Tuesday, May 13, 2008

S.F. settles excessive force suit

Kelly Medora, a petite preschool teacher who weighed about 118 pounds, went out with a friend in North Beach one Saturday night in 2005 for some fun.
Instead, San Francisco police officer Christopher Damonte, who weighed about 250 pounds, arrested her for jaywalking, twisted her arm behind her back and broke it with an audible crack.
Although Damonte and the city denied wrong doing, the city recently mailed Medora a check for $235,000, the largest amount ever to settle a lawsuit claiming San Francisco police used excessive force not involving a weapon.

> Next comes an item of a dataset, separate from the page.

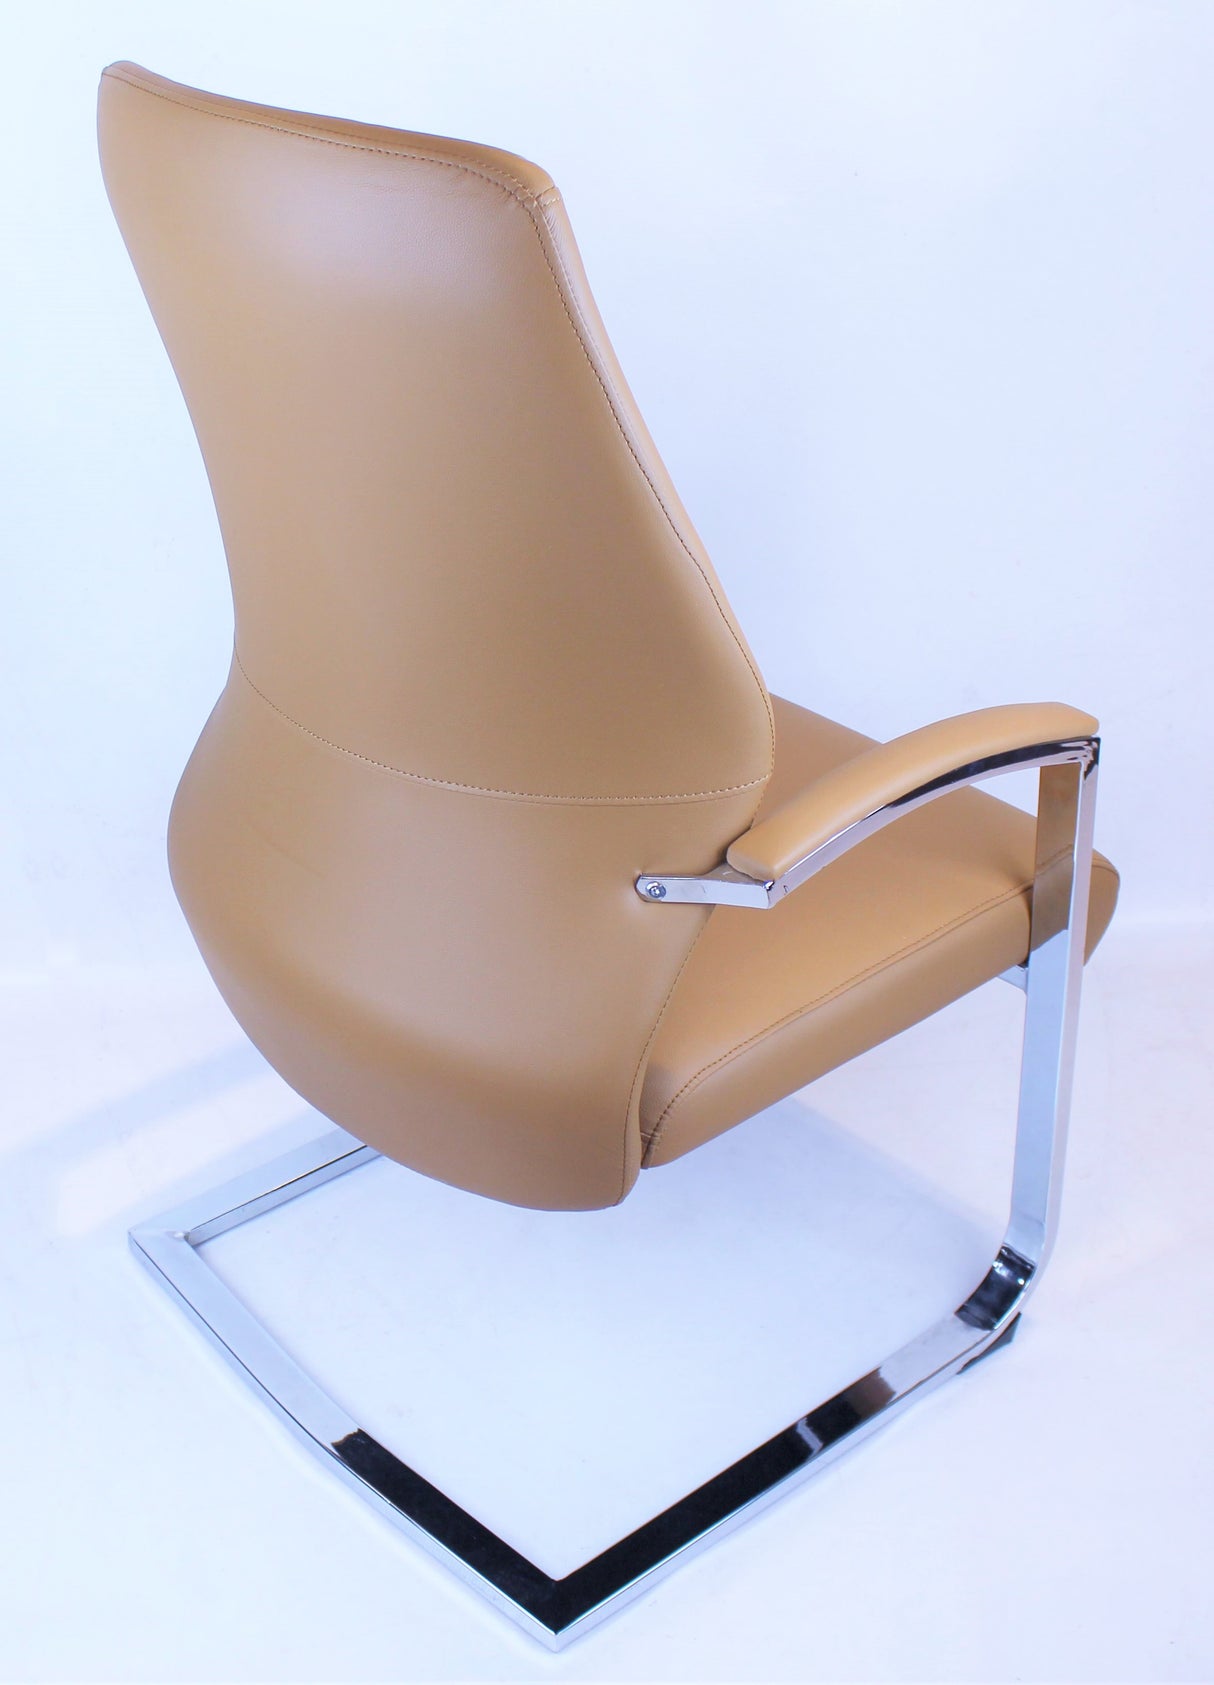 Modern Beige Leather Meeting Chairs - DH-103-2

Cops in America are heavily armed and trained to be bullies. They routinely force their way into situations where they are hardly needed or wanted; they deliberately escalate confrontations in order to "get control of the situation" through superior belligerence; they routinely hurt people, use force first and ask questions later; and they invariably pass off even the most egregious violence against harmless or helpless people as "self-defense" or as the "necessary" means to accomplish a completely unnecessary goal.
Even if a cop arrests an assault victim for interfering with the Investigation of her own assault, and then forces her into a cell where she can be strip-searched, over her screams of protest, with male guards wrenching her arms and holding her down, we are informed that these gang rapists were Just Following Orders. Cops are also elaborately trained in the use and abuse of the legal system, and know very well which judges are most likely to absolve them of any wrong doing.
With few exceptions, the best that most victims of police violence can realistically ever hope for by way of compensation is an "Oops, we bad", and a "Fuck you, civilian" is what they are far more likely to get.